- [Items from a data source]:
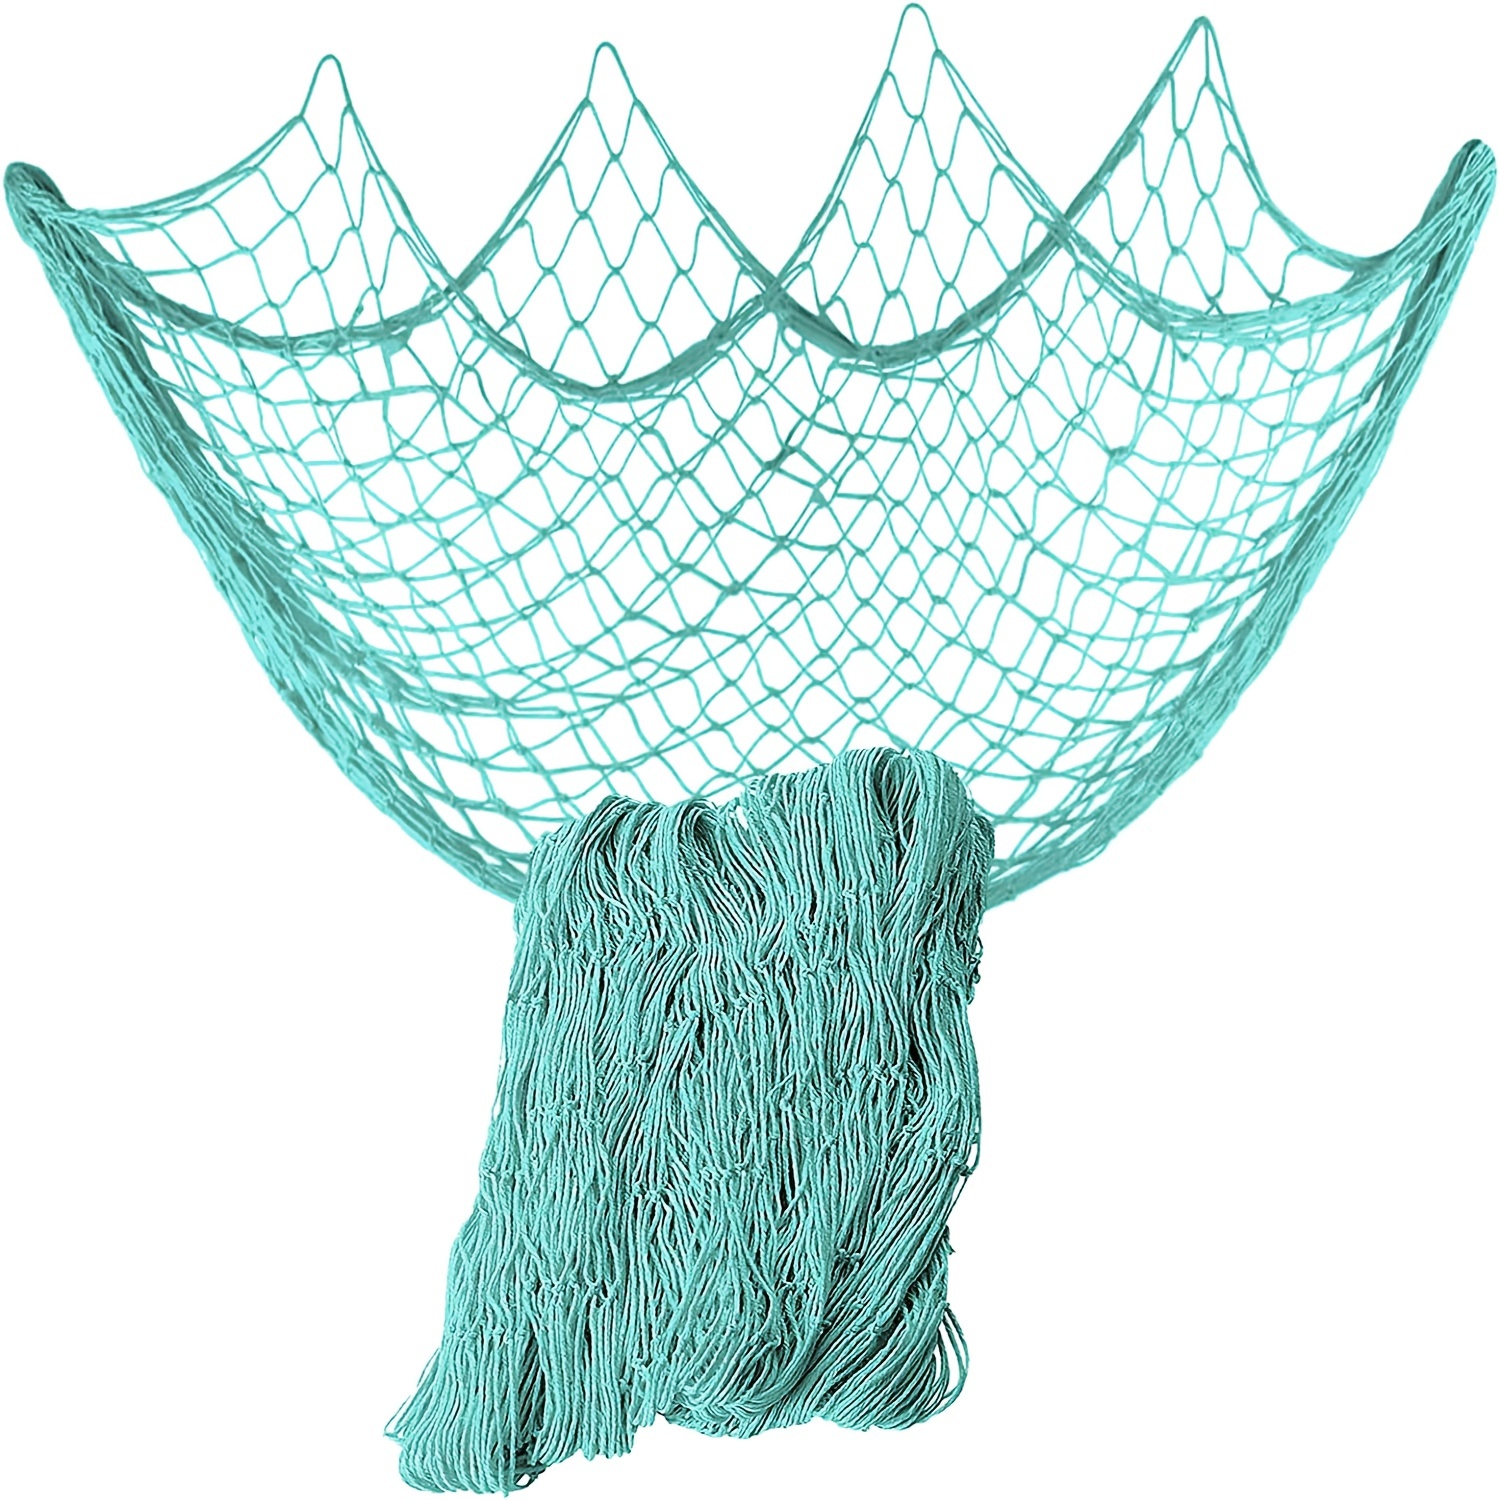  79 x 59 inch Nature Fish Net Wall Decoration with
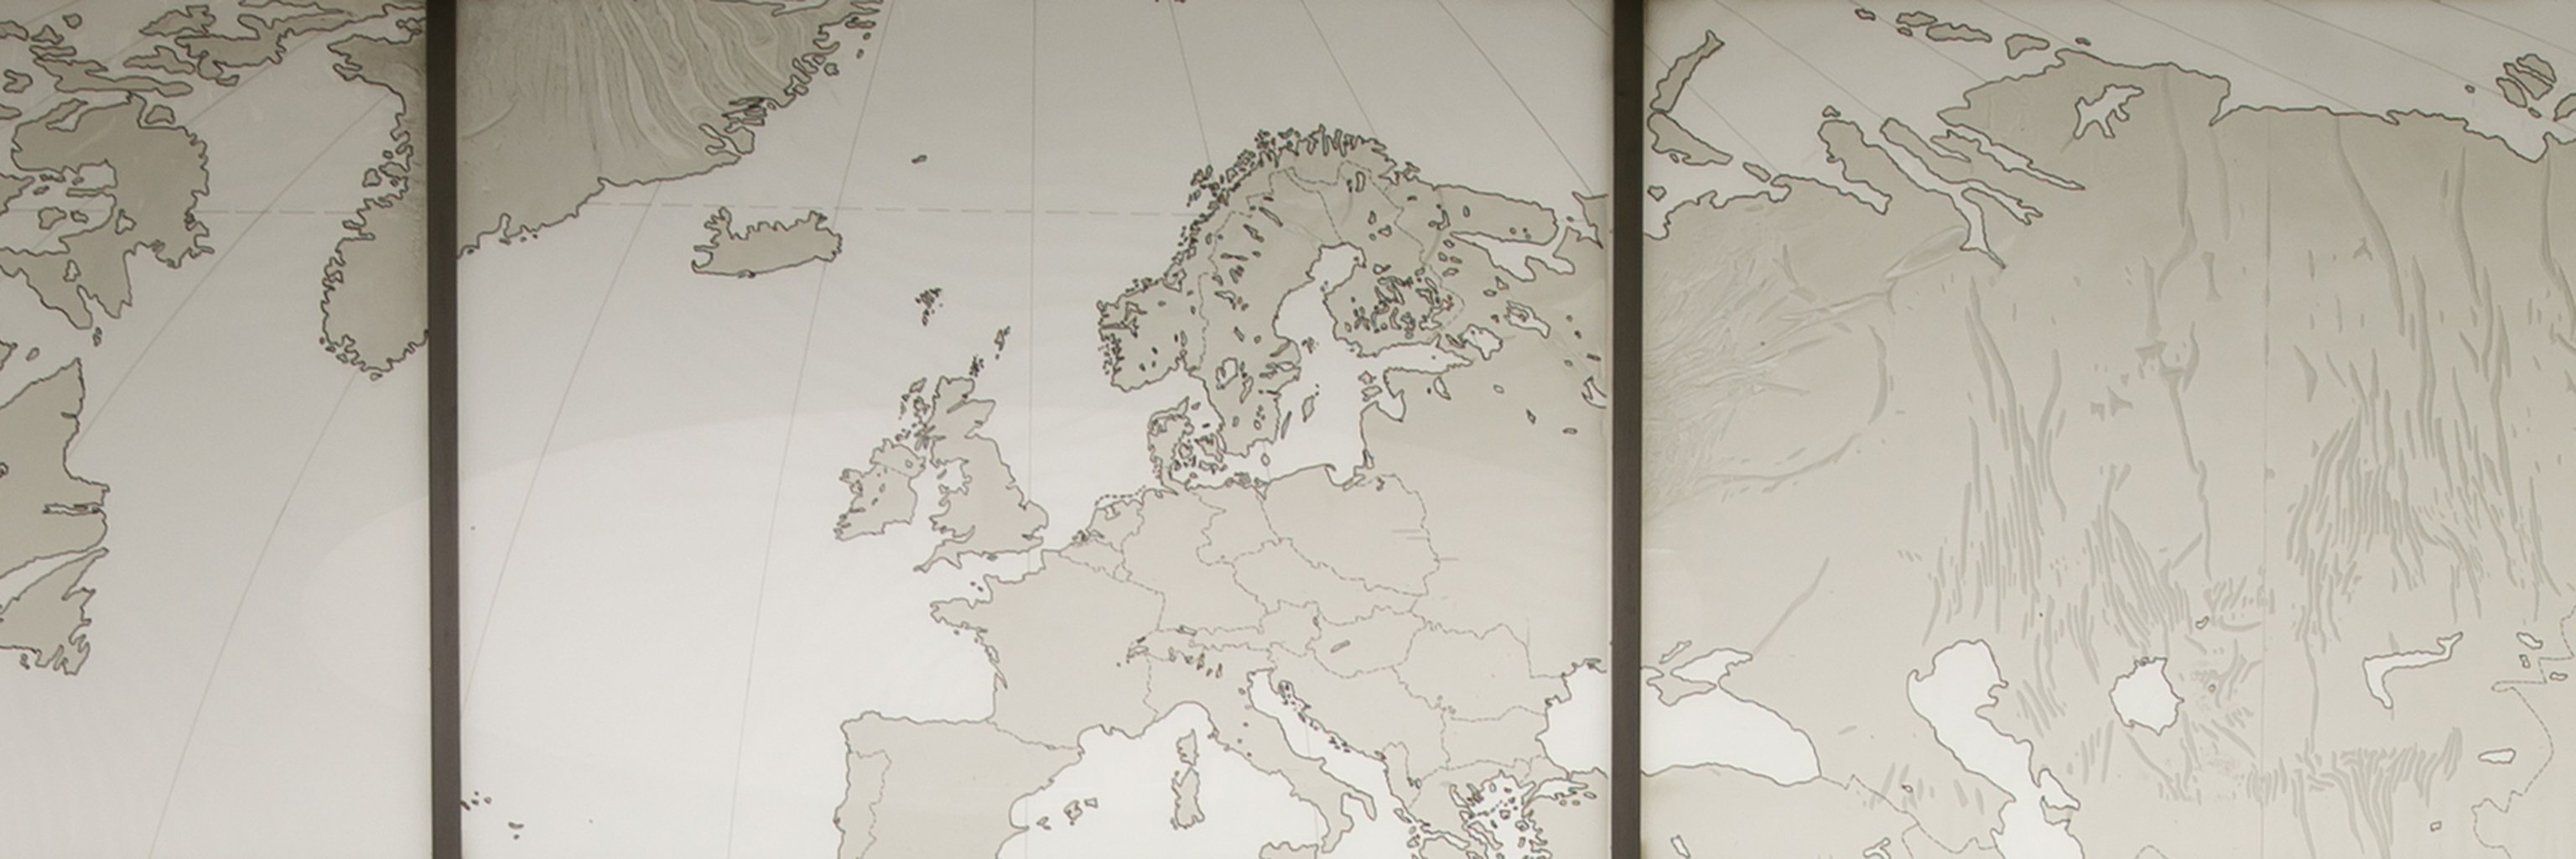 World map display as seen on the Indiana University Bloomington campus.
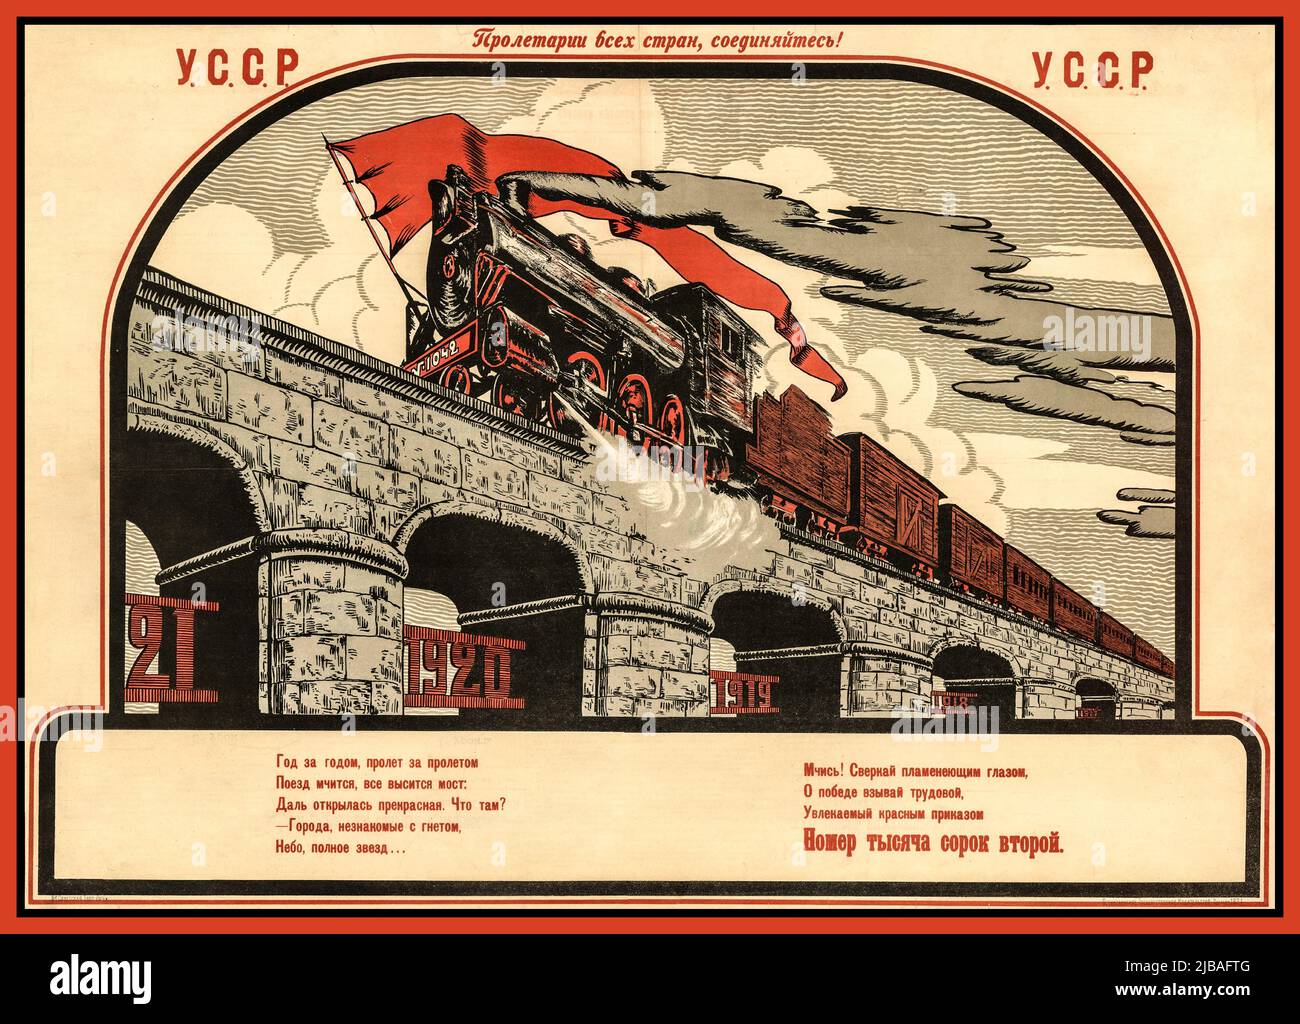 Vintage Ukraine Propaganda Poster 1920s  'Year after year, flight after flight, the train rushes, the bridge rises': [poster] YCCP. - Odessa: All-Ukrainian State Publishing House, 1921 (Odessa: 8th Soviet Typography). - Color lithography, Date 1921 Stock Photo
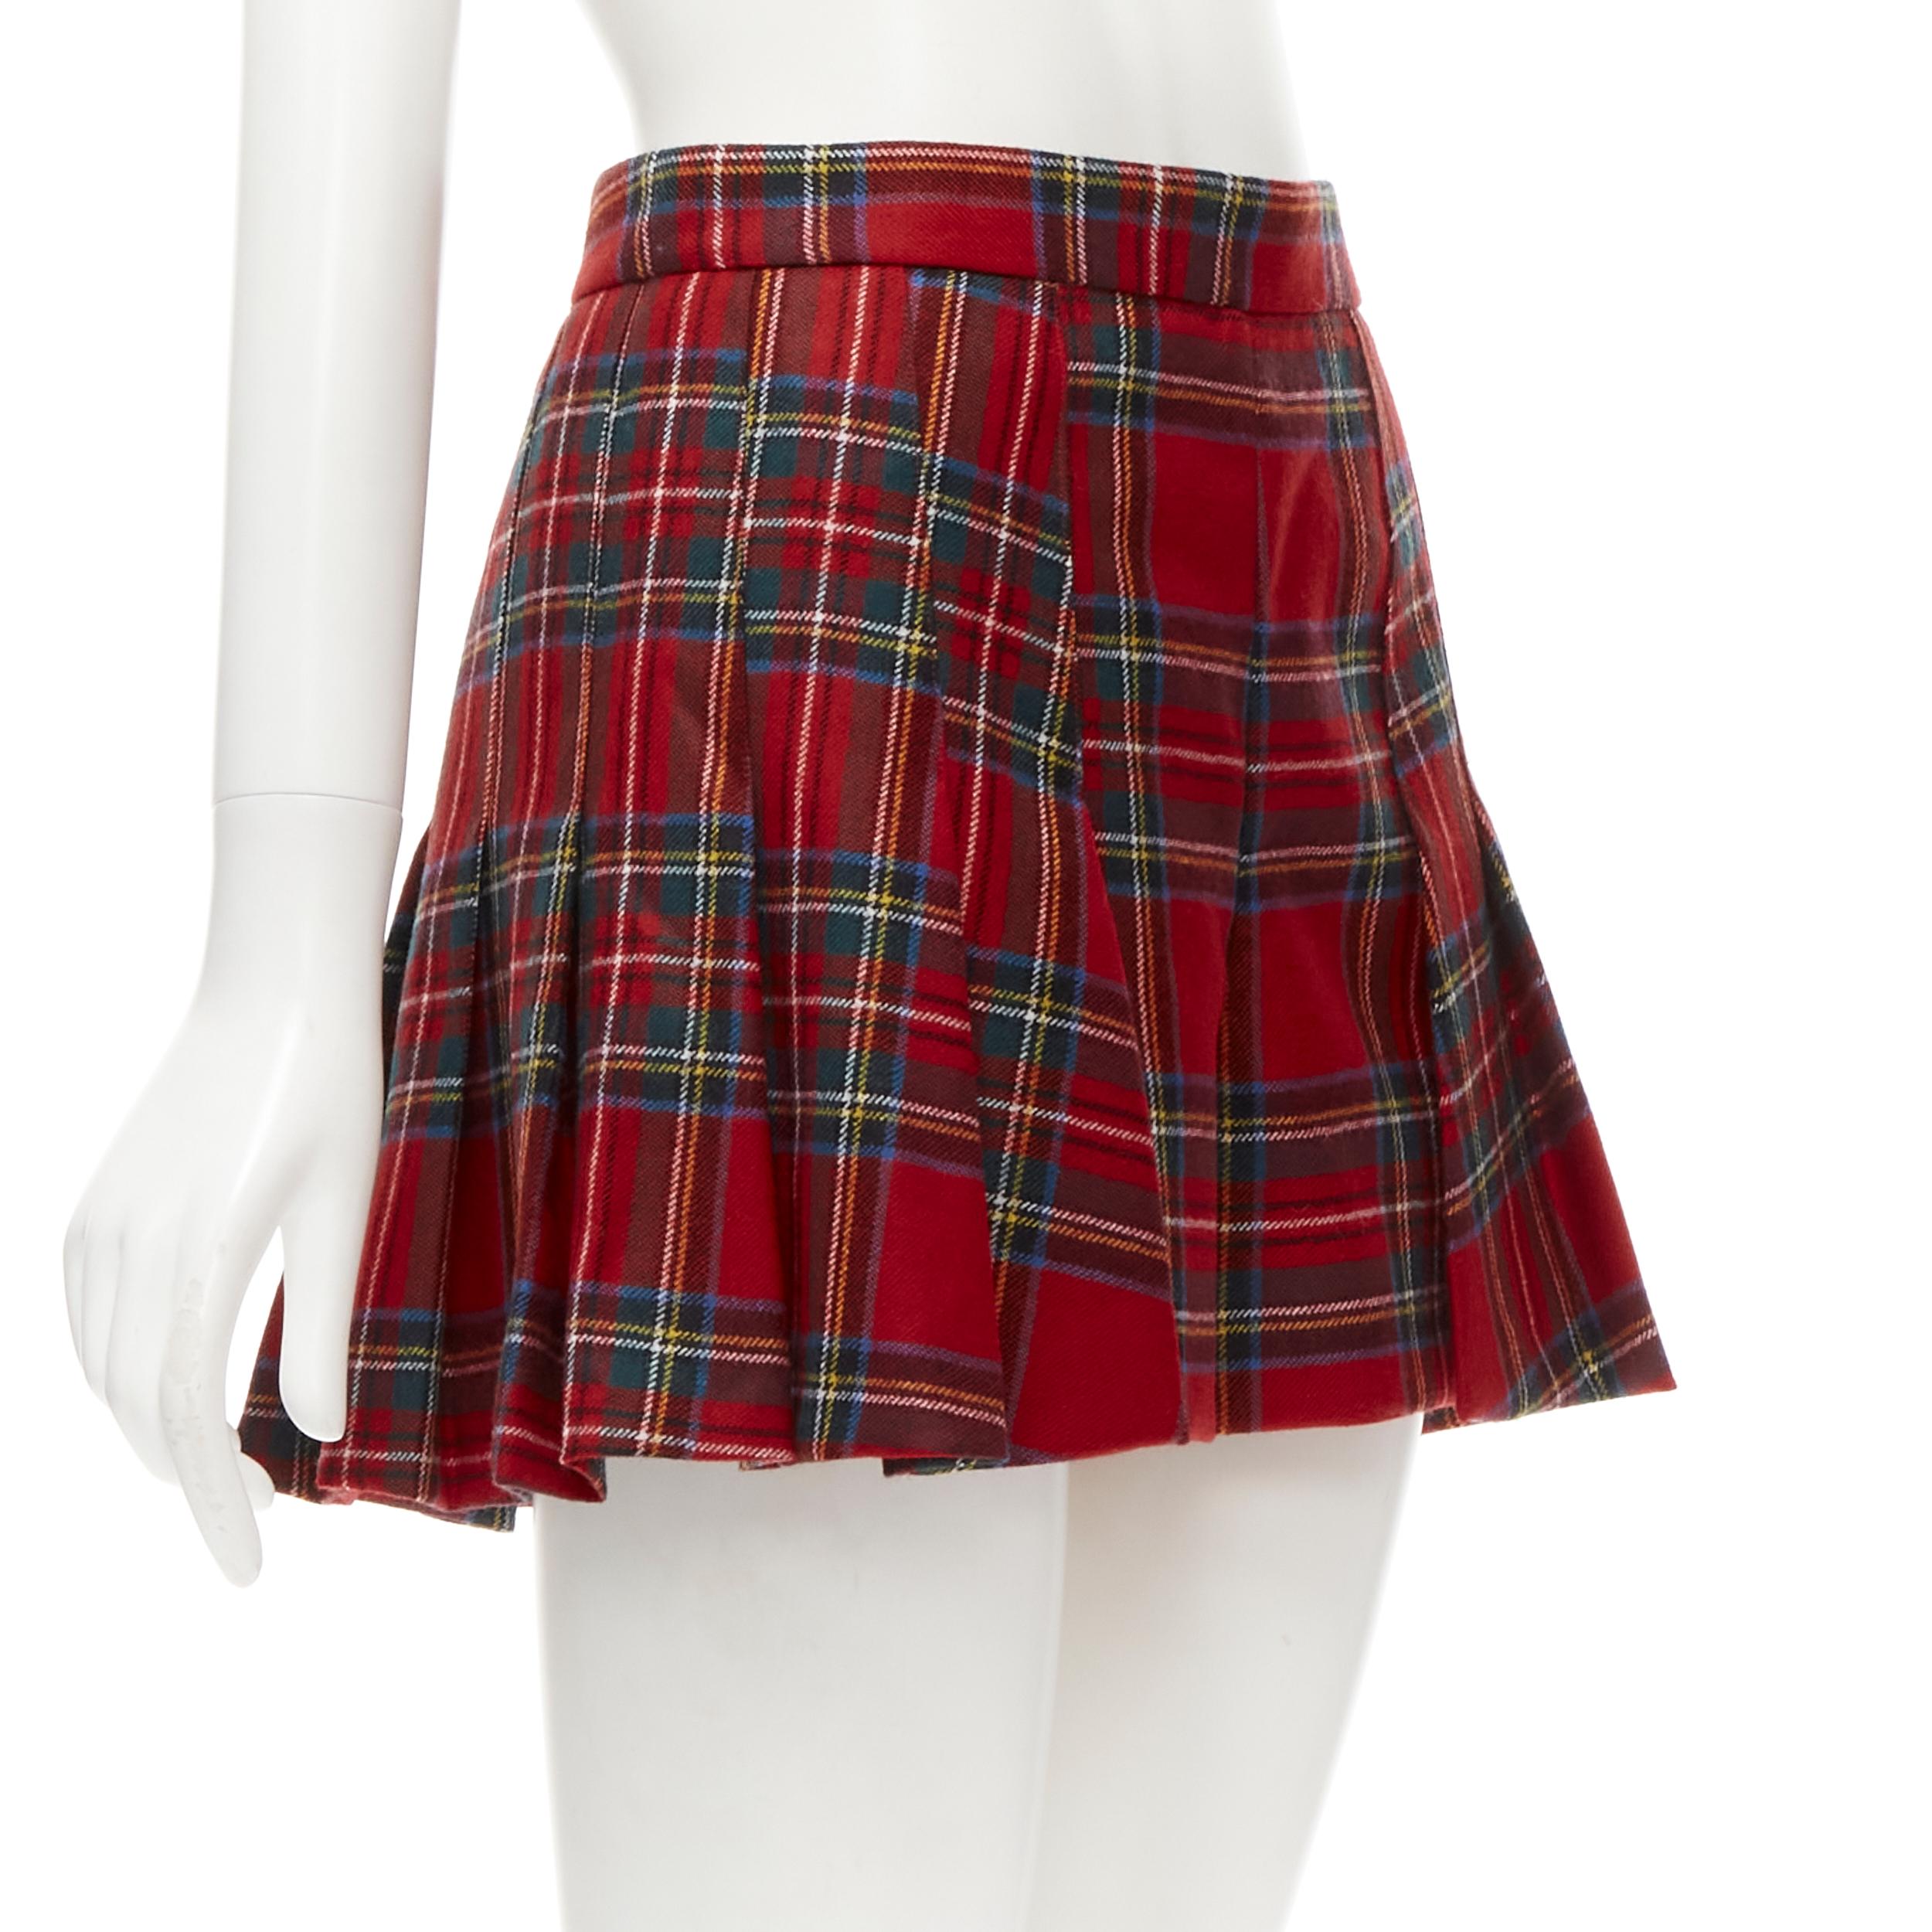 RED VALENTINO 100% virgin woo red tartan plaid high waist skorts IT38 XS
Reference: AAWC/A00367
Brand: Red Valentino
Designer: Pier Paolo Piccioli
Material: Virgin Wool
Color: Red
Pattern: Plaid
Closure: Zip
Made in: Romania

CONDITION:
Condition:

- [About this task]: Copy nothing except the lines from the one holding "Pattern: Plaid" through the last line of the data above, and return them exactly.

- [Answer section]:
Pattern: Plaid
Closure: Zip
Made in: Romania

CONDITION:
Condition:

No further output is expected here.